DETAILED DESCRIPTION
In accordance with the present invention, the foregoing ojects and advantages are readily attained.
The present invention comprises a copper base alloy comprising from about 4.0 to about 11.0% tin, from about 0.01 to about 0.3% phosphorus, from about 1.0 to about 5.0% of a material selected from the group consisting of iron and a mixture of iron and cobalt, up to about 0.4% chromium, balance essentially copper. Within the aforementioned ranges, the alloys of the present invention exhibit a substantially non-dendritic grain structure in the cast condition which is believed to be primarily responsible for the consistent improvement in resistance to crack propagation during hot rolling. The presence of a non-dendritic grain structure impedes cracking which results during hot working from the weakness in the structure caused by the presence of the aforenoted tin-rich and phosphorus-rich phases.

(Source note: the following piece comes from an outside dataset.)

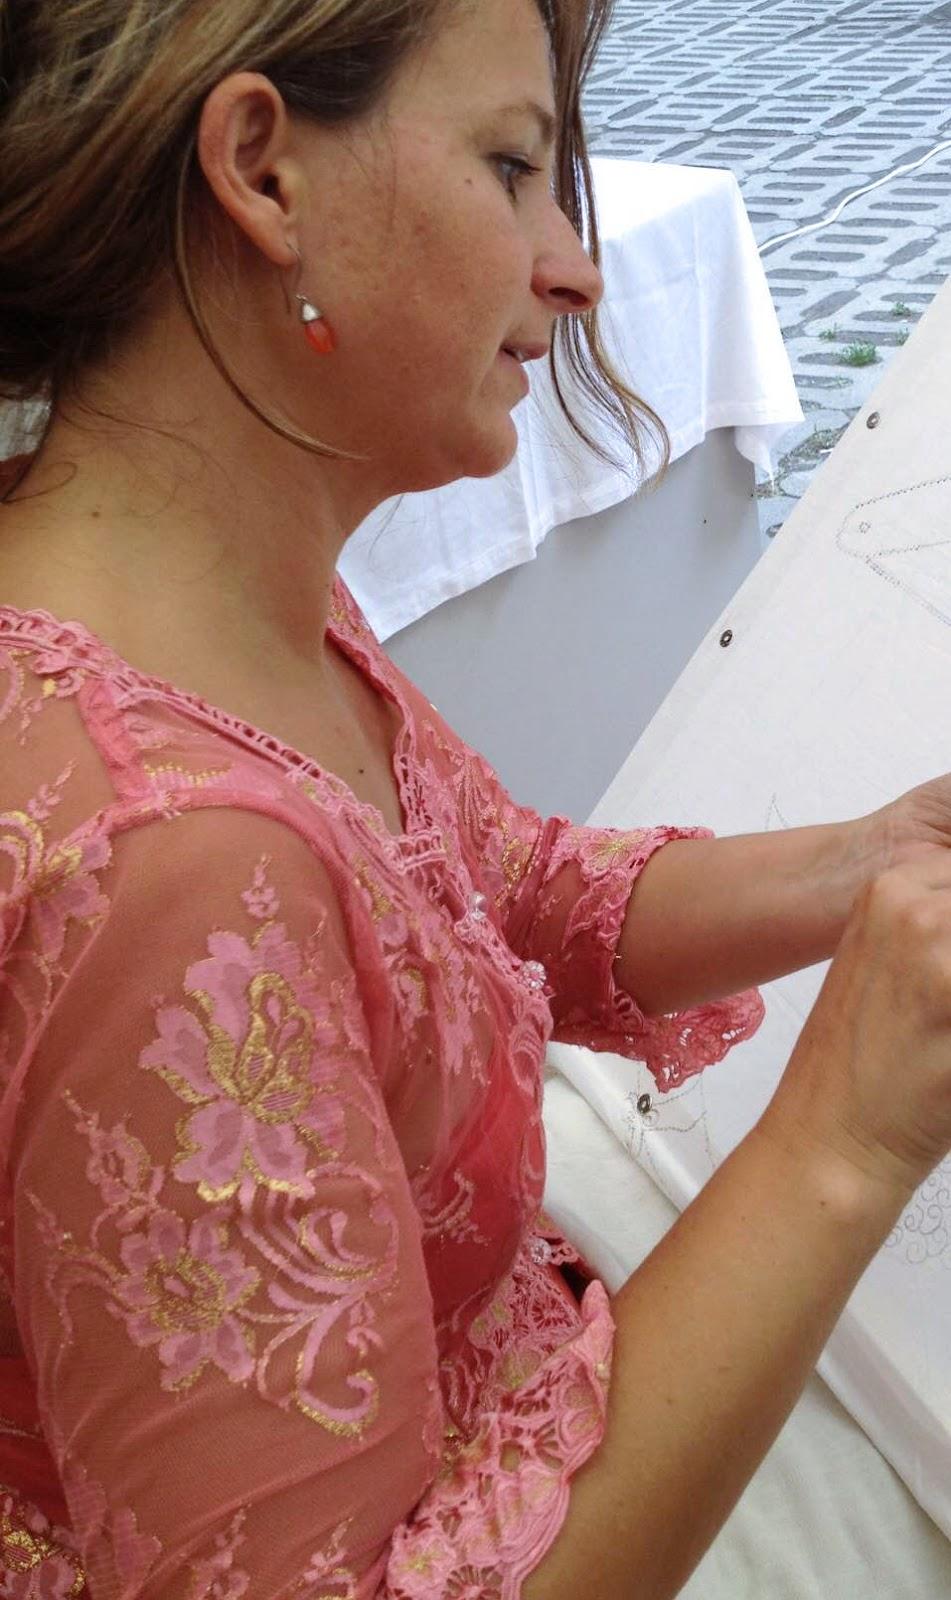 0d94bc46ab Hasonlóan kedves darabom az a kézzel hímzett mexikói blézer, mely ugyan egy  modern tervezői ruha, de színeiben és organikus mintáiban a helyi  népviseletre ...

In the present invention, it has been found that the addition of the alloying elements noted above modifies the cast structure in such a way that the alloy is extremely resistant to crack propagation during hot working. Thus, any shallow cracks which may nucleate from either cast bar defects or internal structural defects within the cast ingots are effectively prevented from propagation. Specifically, the alloys of the present invention employ iron, and/or an iron-cobalt mixture in amounts greater than those specified in the aforementioned U.S. Pat. No. 3,923,558, together with a correspondingly reduced level of chromium to from 0 to 0.4%. Within the aforenoted ranges, the non-dendritic grain structure is obtained, and unexpected improvement in processability of the alloys is achieved.
The employment of high casting temperatures has been found to encourage the development of a surface layer on the alloy which has a high volume fraction of tin-rich and phosphorus-rich low melting phases. After soaking for hot rolling is conducted, these phases tend to remain in the surface layer with the result that cracks are easily initiated during hot rolling. This phenomenon known as inverse segregation is generally reduced when the alloy is cast at lower temperatures. Specifically, the employment of cobalt in place of iron in the alloy generally requires a substantial addition thereto which would require that the alloy be cast at temperatures elevated from normal levels. Accordingly, the employment of the iron addition together with or in place of cobalt is preferred.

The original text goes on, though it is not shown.